二十九日目 町人の三男坊
足軽となって弥三郎と稽古に明け暮れる日々。そんなある日、俺は足軽村の入口にある唯一の井戸で水を汲んでいた。
「人が来て混む前に汲まなくちゃ。げ、既に並んで人がいる。」
弥三郎との待ち合わせに遅れる訳にはいかないと思いさっさと並んで、順が回ってくるのを待っていた時ーーー。
「お主、見ない顔だすな。」
バッ、と振り向くとそこにはぽっちゃりとした男がいた。見たところ、筋肉ではなく脂肪のよう。この時代で何を食べればそんな体になるか...。
「は、はい。ひと月ほど前に足軽に雇われました。」
「おお!ならば同士だすな!おいどんも足軽だす!仲良くしようだす!」
だす、だす....頭に残る喋り方だな。キャラが濃すぎて着いて行けん。
「おいどんは岩丸だす。お主は?」
「俺は菊之助。よ、よろしく。」
「よろすくだす!」
「岩丸は足軽になって長いの?」
「んにゃ、おいどんも最近来たばかりだす。お主よりふた月ほど前だな。こっちの村には長く士官してる者はおらんだすよ。」
そう言えば重俊がそんなこと言ってな。と思っていたら、井戸を使う順番が回ってきていた。

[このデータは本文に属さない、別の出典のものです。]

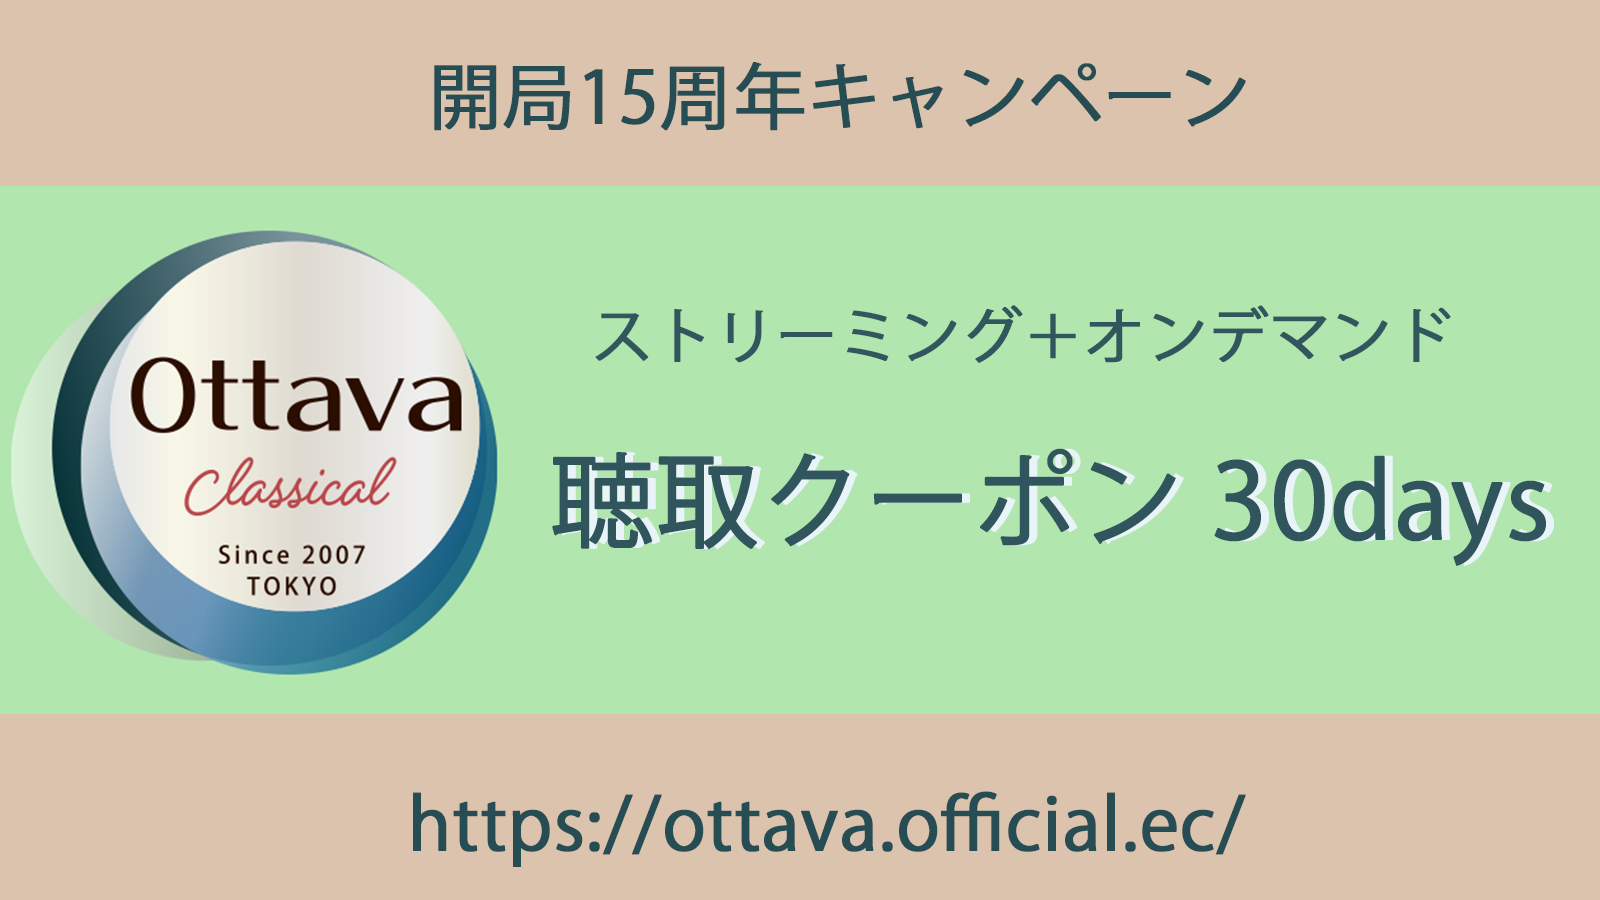 h_takada@ottava.jp

「これからおいどん、同士と共に稽古するのだが、一緒にしないだすか?」
ありがたい申し出だが、こっちには弥三郎がいるので受けれない。次期大名が足軽と一緒に稽古は出来ないだろう。
....俺も足軽だな。
「すまないが今、俺は別の人と稽古をしていて、そいつの許可がないと...。」
「そうだすか。残念だす。いつもこの村で稽古している故、許可が取れたらいつでも声をかけてくれて構わないだすよ!」
「恩に着るよ。」
そう言って、俺は家に水を運び、弥三郎の館へと向かった。
「今朝、岩丸という人に会ったよ。なんていうか...す、すごい人だな...。」
あぁあやつか。と弥三郎。
「あやつは商人の子だよ。それもこの町一ののう。」
「でもなんで町人の子が足軽に?」
「あやつは三男坊で、家を継ぐ必要が無いからな。それに毎日家の手伝いもせず、寺子屋にも通わず、ぐうたらと過ごしているあやつに親が痩せてこい、と家を追い出したそうだ。」
あーだからあんなにプクプクと...。この時代ではあれはデブに入るんだな、と思った。

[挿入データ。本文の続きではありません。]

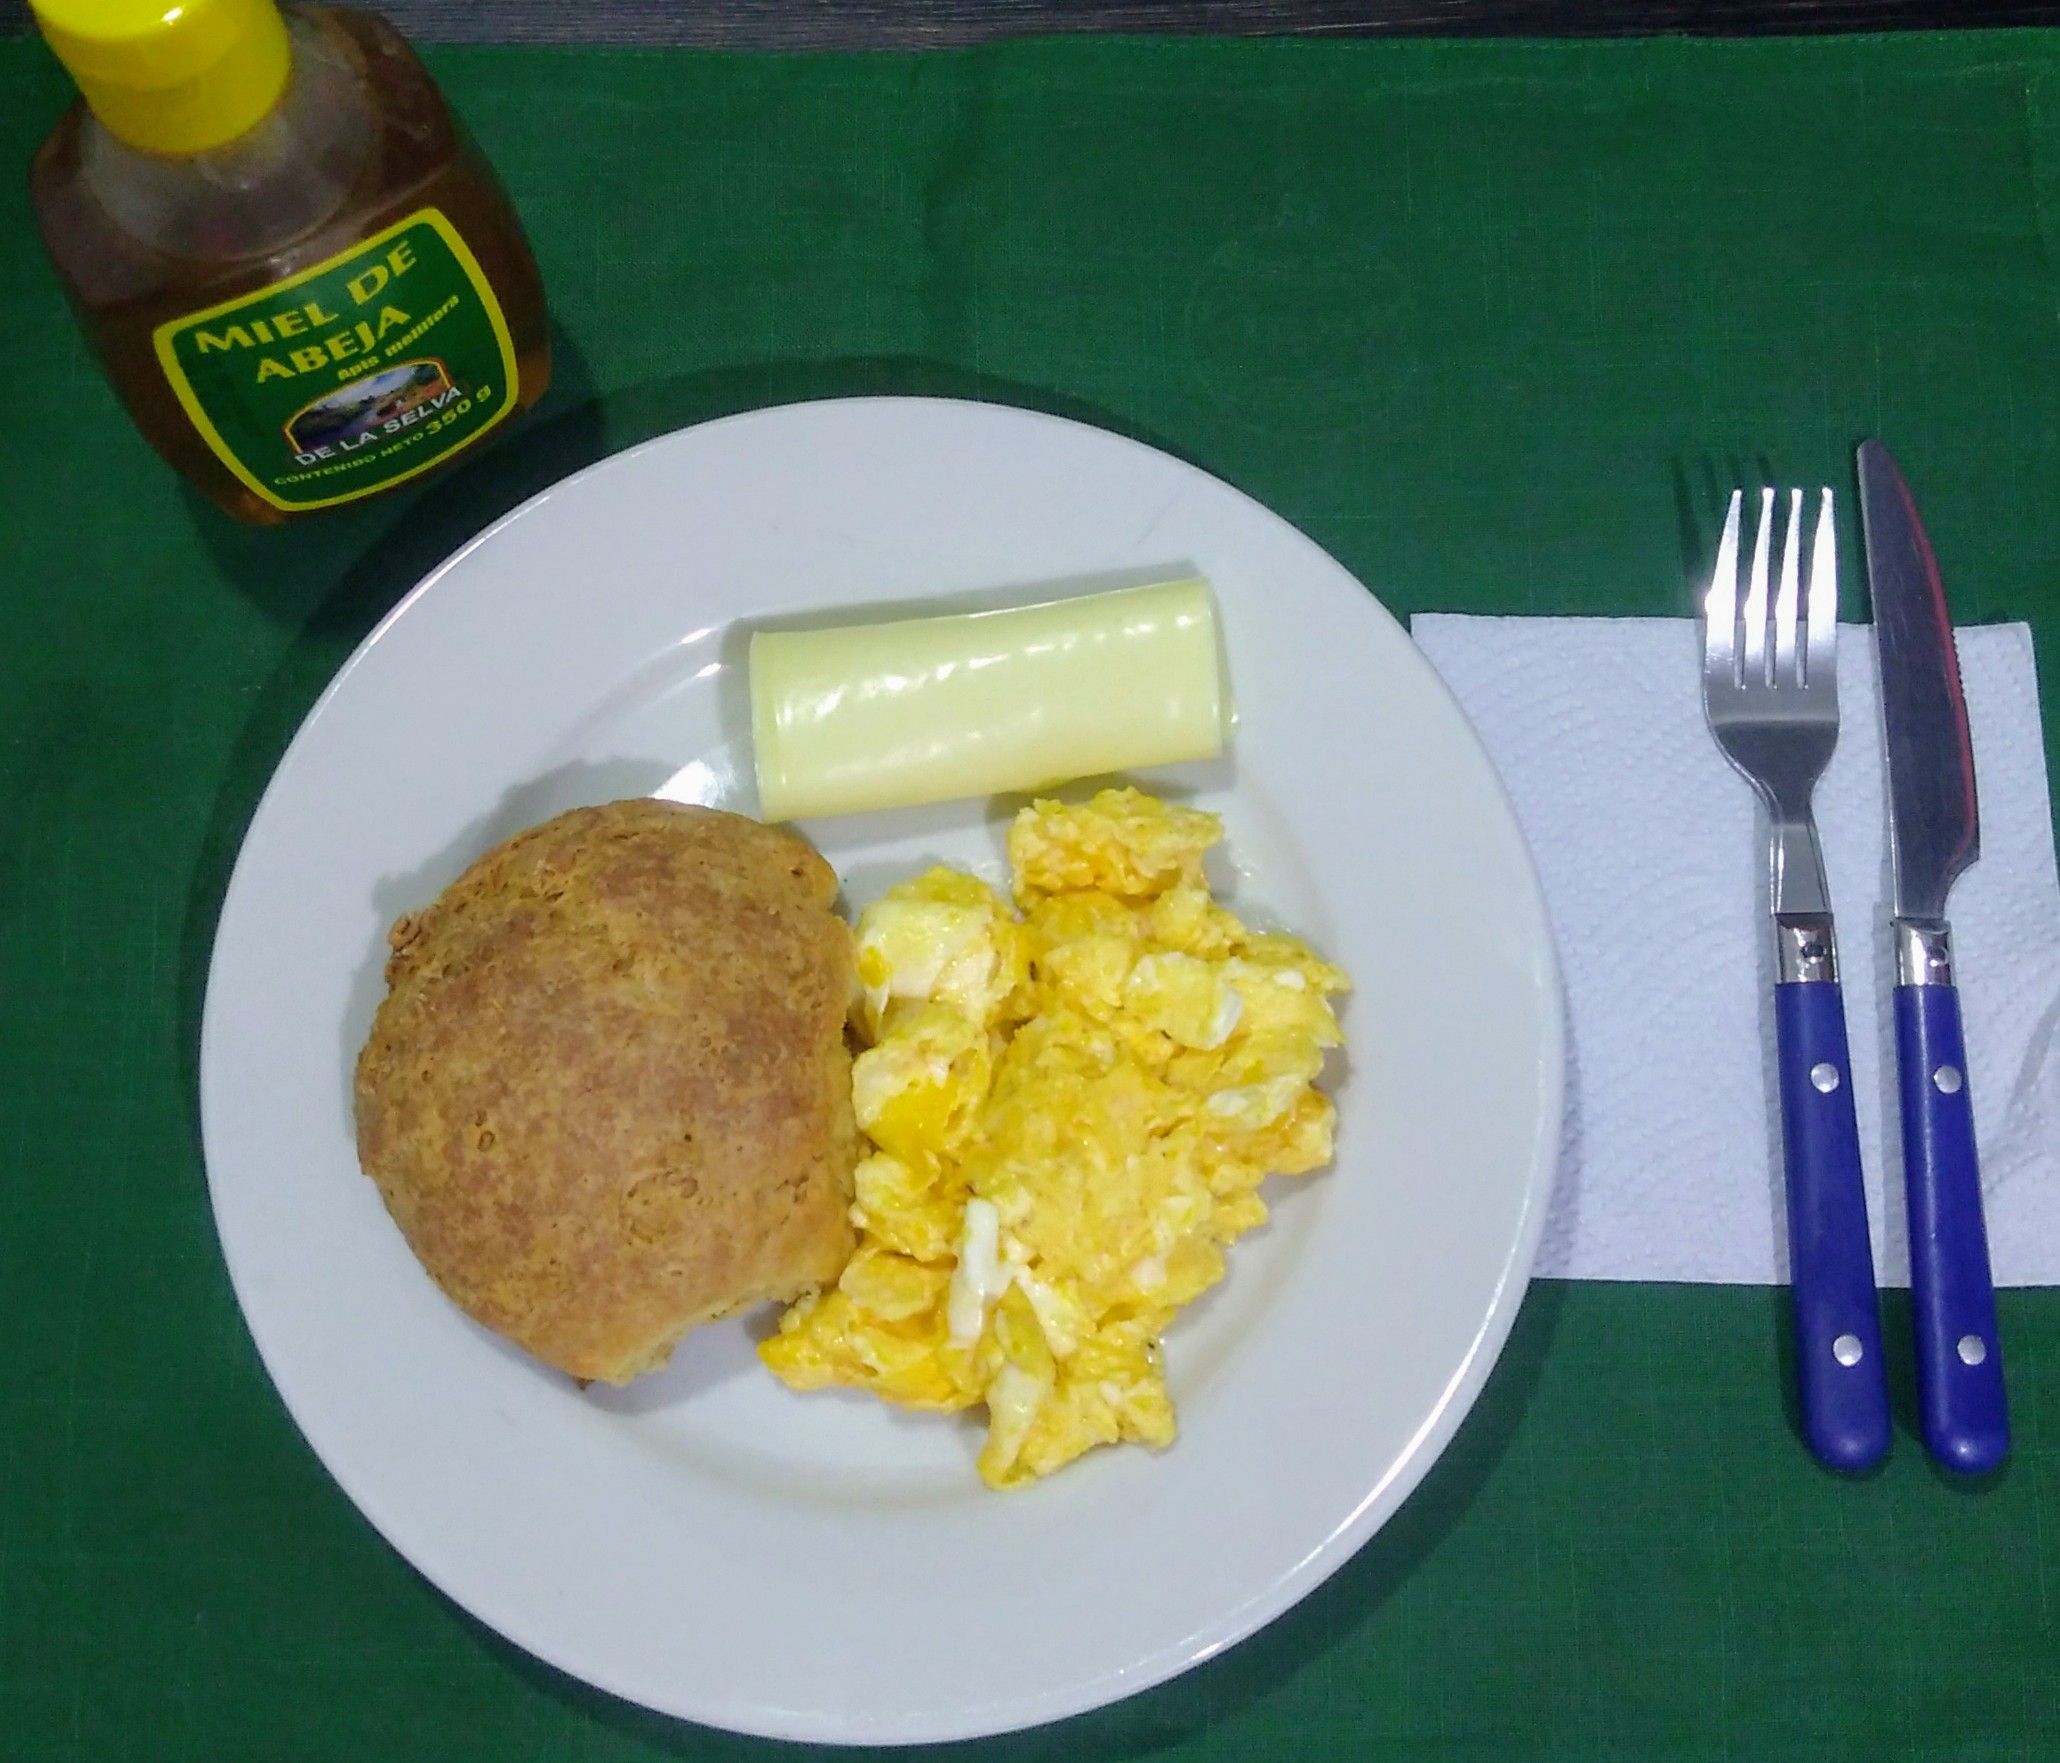 Honey, scone, cheese and scramble eggs

「その三男坊から稽古のお誘いが来てるんだが、一緒に行くか?」
「怖い...」
「え?!」
「僕は初対面の人は苦手なのだ。」
あ、こいつ姫若子だった....。
「俺の時はそんなの無かったじゃないか!」
「あれは非常事態だった上、あまり気にしていなかっただけだ!」
「なら今回も....。」
「無理!!」
おいおい、身分の問題じゃなくて、個人の問題かよ、と俺。
「それにあまり良くない話も聞くしな。」
「あいつがどうかしたのか?」
「いや、僕もよくは知らぬのだが。あやつは気をつけた方が良いぞ。」
「ふーん。一応気に止めておくよ。」
その後は特に何事も無く稽古を終え、家に帰った。夕餉も食べ終わり、俺が横になってのんびりしているとーーー。
「おいどんが来ただす!!」
うわっ!!と俺は飛び起きてしまった。
「急にどうしたんだよ!」
「おいどん以外の同士を紹介しようと思っただすが、都合が悪かっただすか?」
「いや、大丈夫だよ。」
「じゃあ、紹介するだすよ。3人ともおいどんと同じ、この町出身だす。右から九七、四助、吉丸だす。」
「「....。」」
3人は無反応だった。俺がよろしく、と言っても無反応。何かがおかしい、どうしてこの3人は喋らないのか。そんなことを考えていると、ドンッといきなり俺の前に袋が投げられた。開けてみると、中にはかなりの金が入っていた。